The company sold 343,830 cars and SUVs in the third quarter compared with 254,695 deliveries made from April through June. Tesla said it produced 365,923 vehicles in the July-September period.

Analysts have questioned whether Tesla is experiencing waning demand for its vehicles, which in the U.S. start around $49,000.

So far this year, the company has delivered 908,573 vehicles. Last year, the company delivered just over 936,000 vehicles. To increase sales by 50% over last year, which would amount to about 1.4 million vehicles, the company would have to sell more than 490,000 vehicles in the fourth quarter.
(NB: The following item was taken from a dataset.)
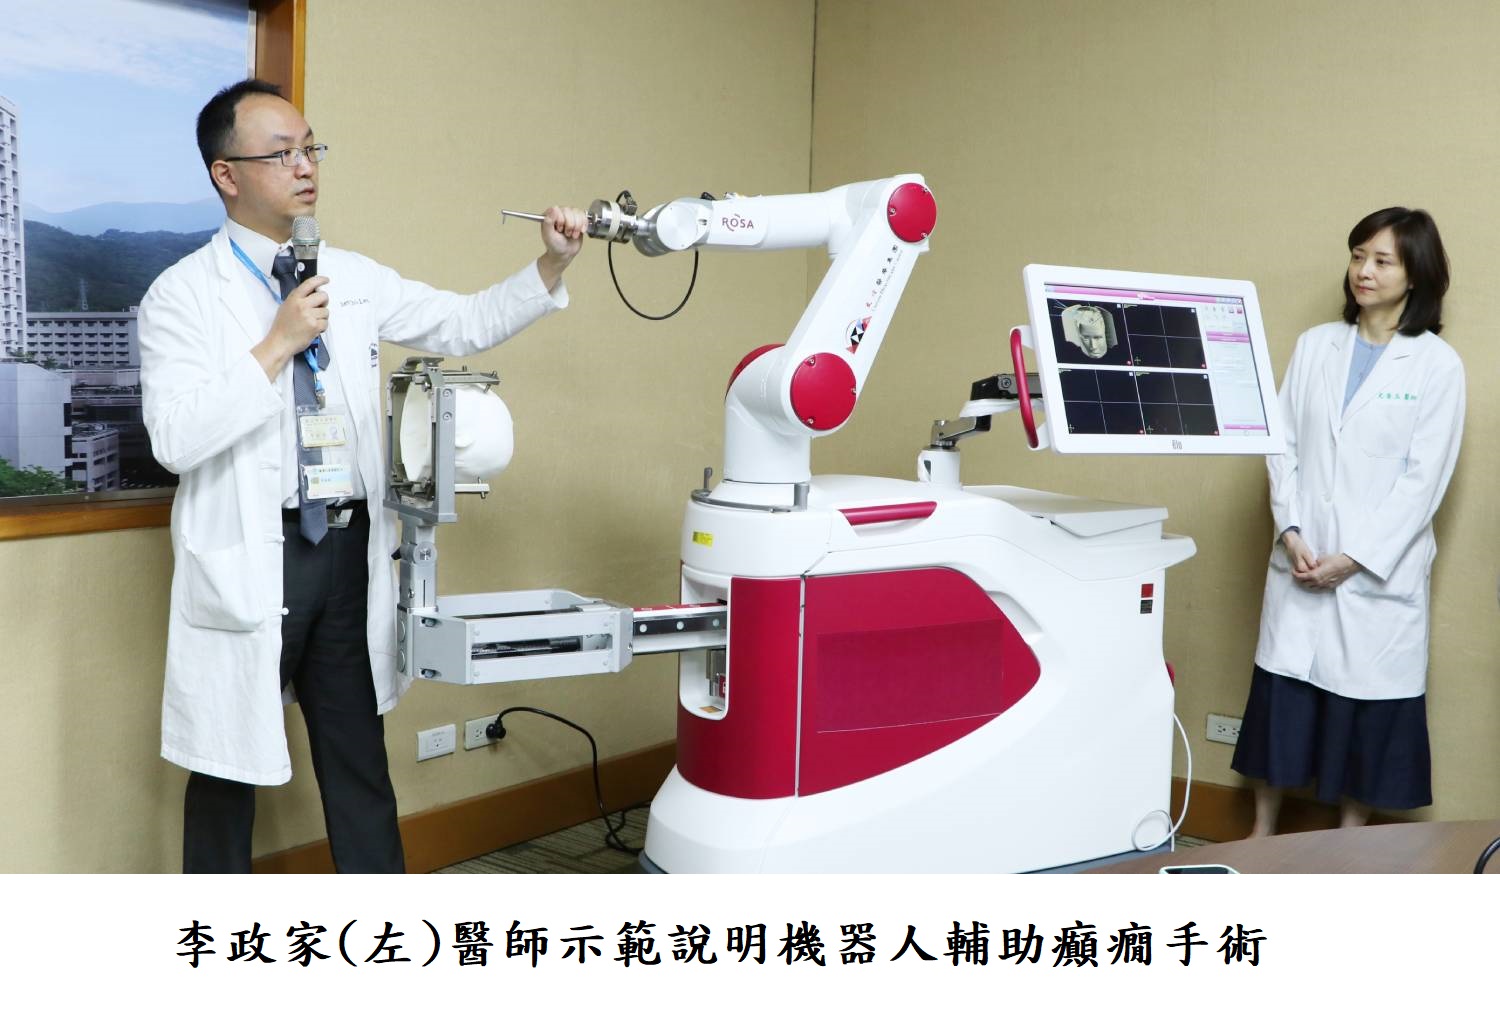 李政家(左)醫師示範說明機器人輔助癲癇手術 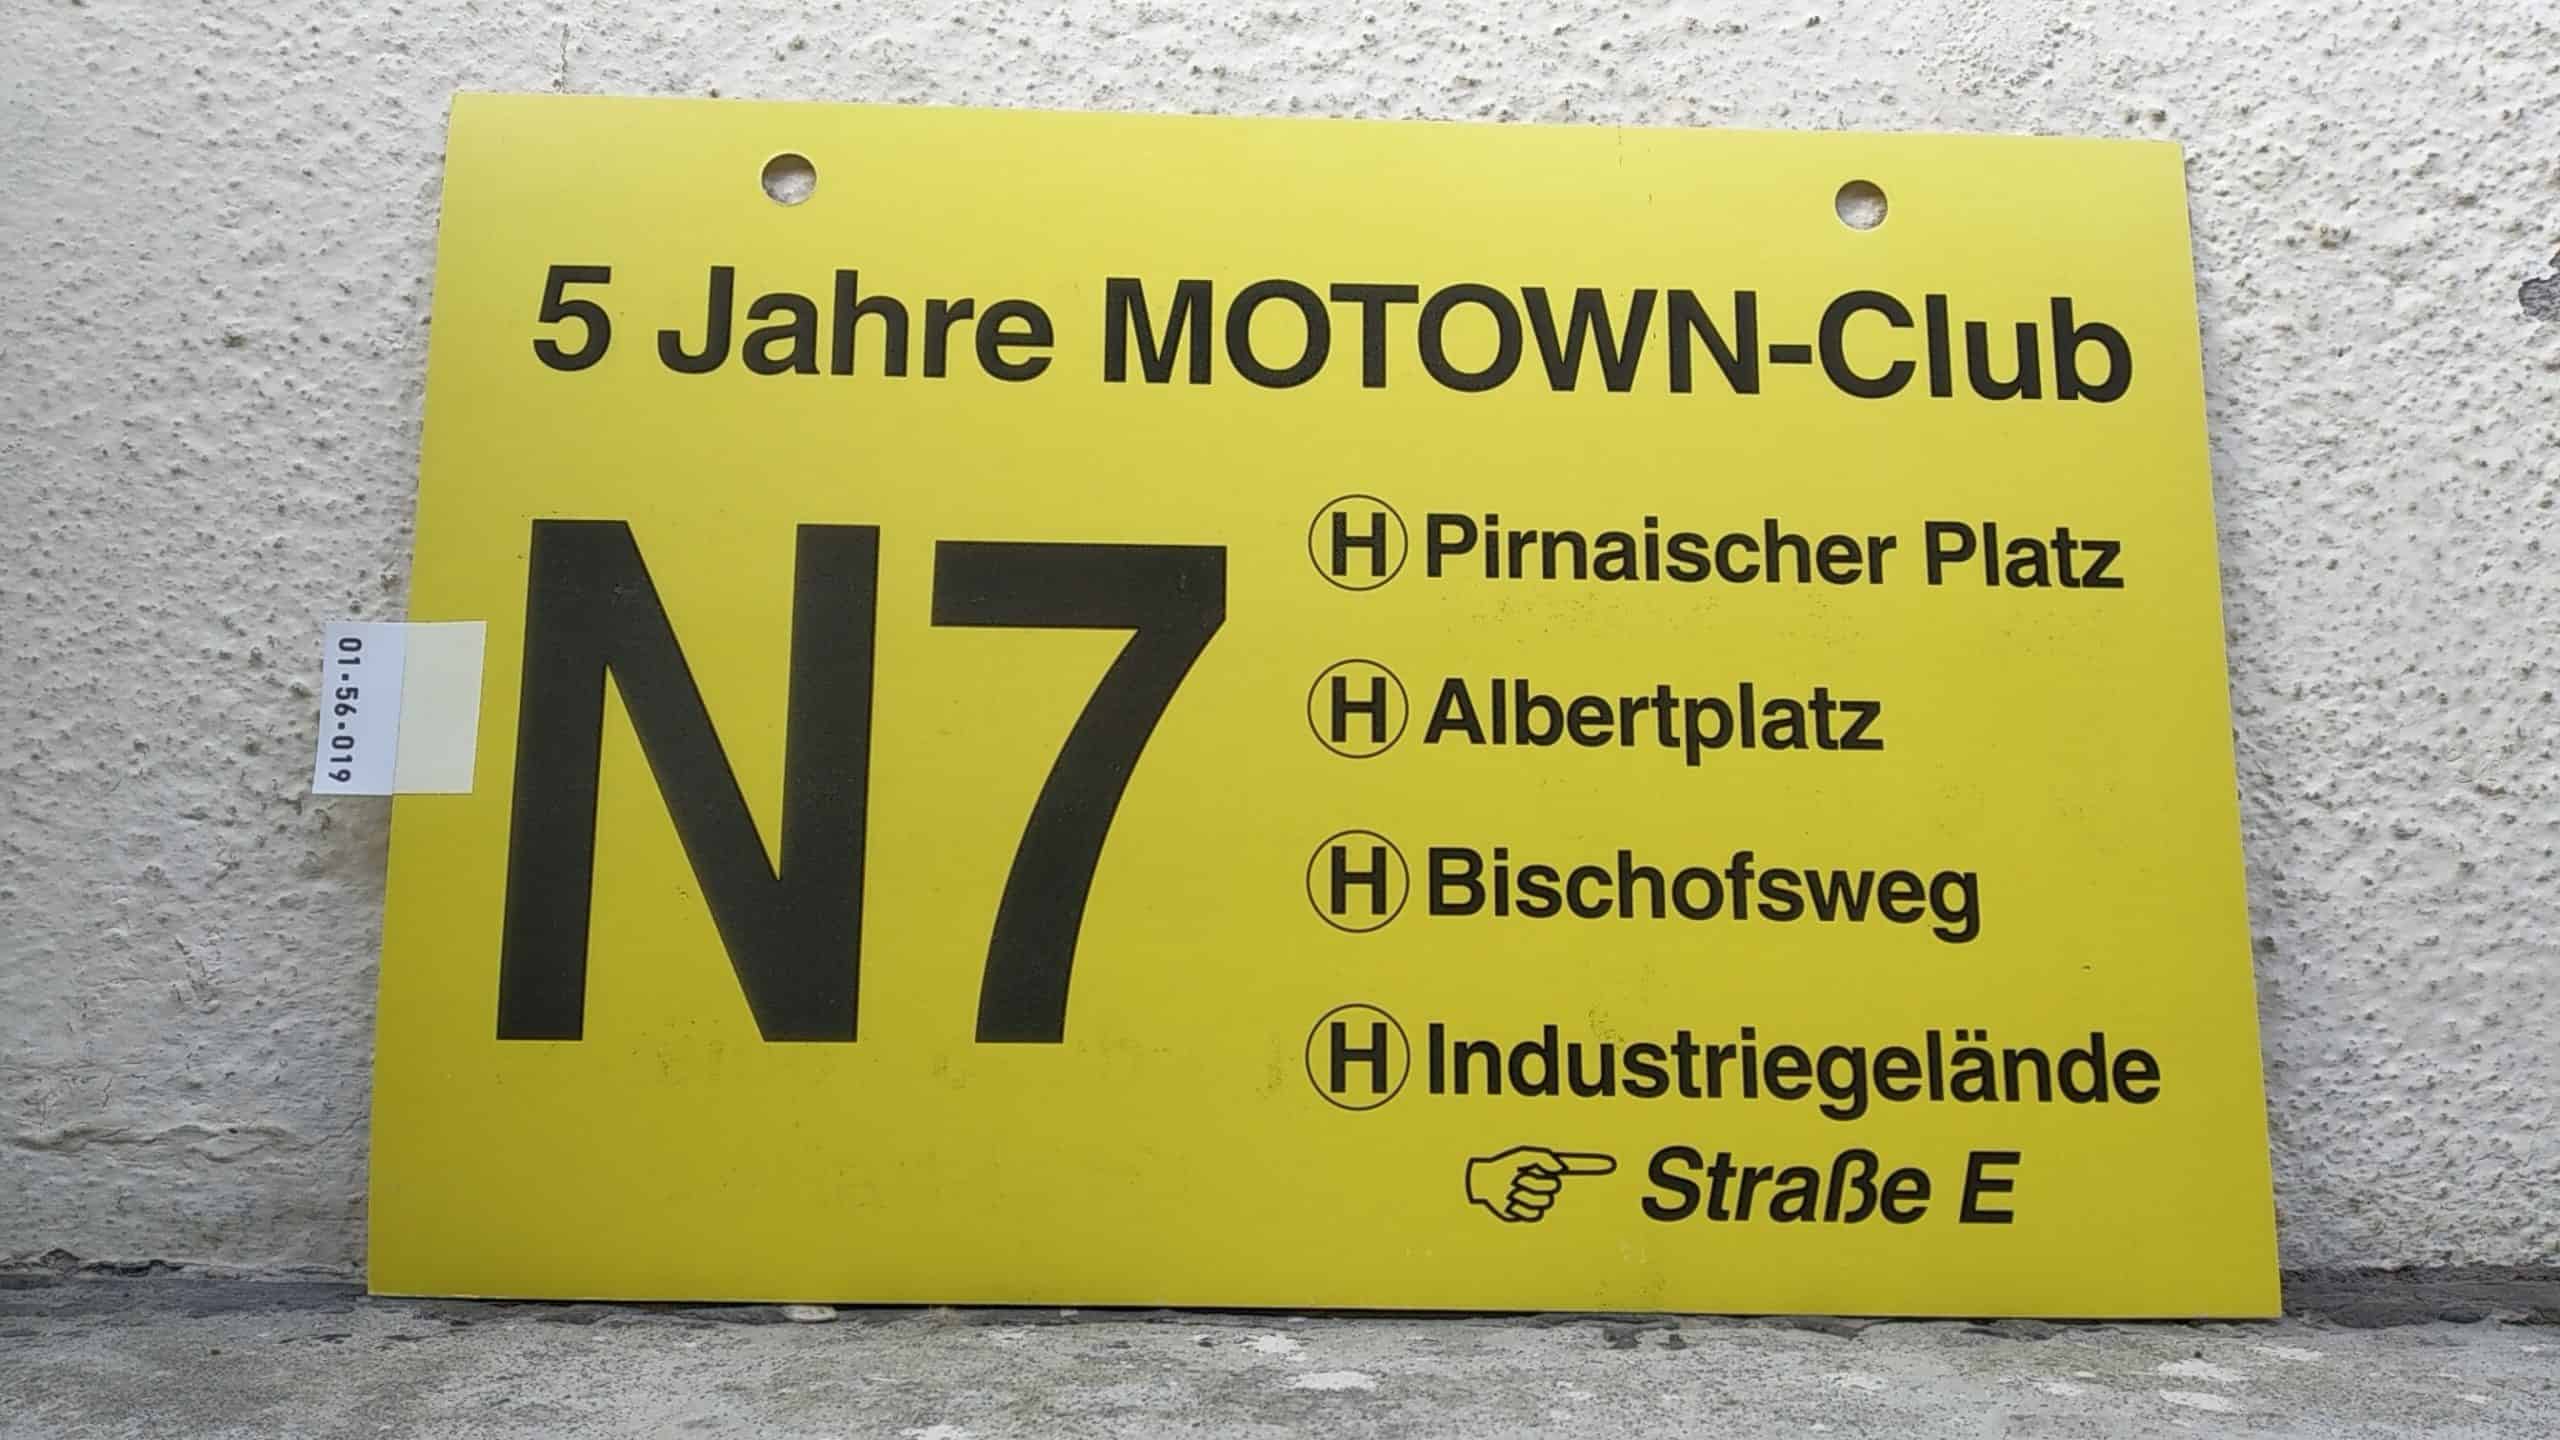 Ein seltenes Bus-Linienschild aus Dresden, anläßlich 5 Jahre MOTOWN-Club N7 [Pirnaischer Platz - Industriegelände [Zeigefinger] Straße E]

But Tesla said it had higher-than-usual numbers of vehicles in transit at the end of the third quarter that will count as sales once they reach customers. It said it’s becoming harder to find transportation capacity at a reasonable cost when it needs to move vehicles from its factories to its customers.

The company said that it remains focused on increasing vehicle production as fast as it can by raising the weekly build rate in Fremont, California, and Shanghai ,while making progress at new factories in Texas and Germany.

But it said logistics and parts supply bottlenecks “remain immediate challenges, although improving.” Battery supply constraints, Tesla said, will be the main limiting factor to electric vehicle market growth in the medium and long terms.

Still, the company said initial deliveries of its Semi truck will start in December.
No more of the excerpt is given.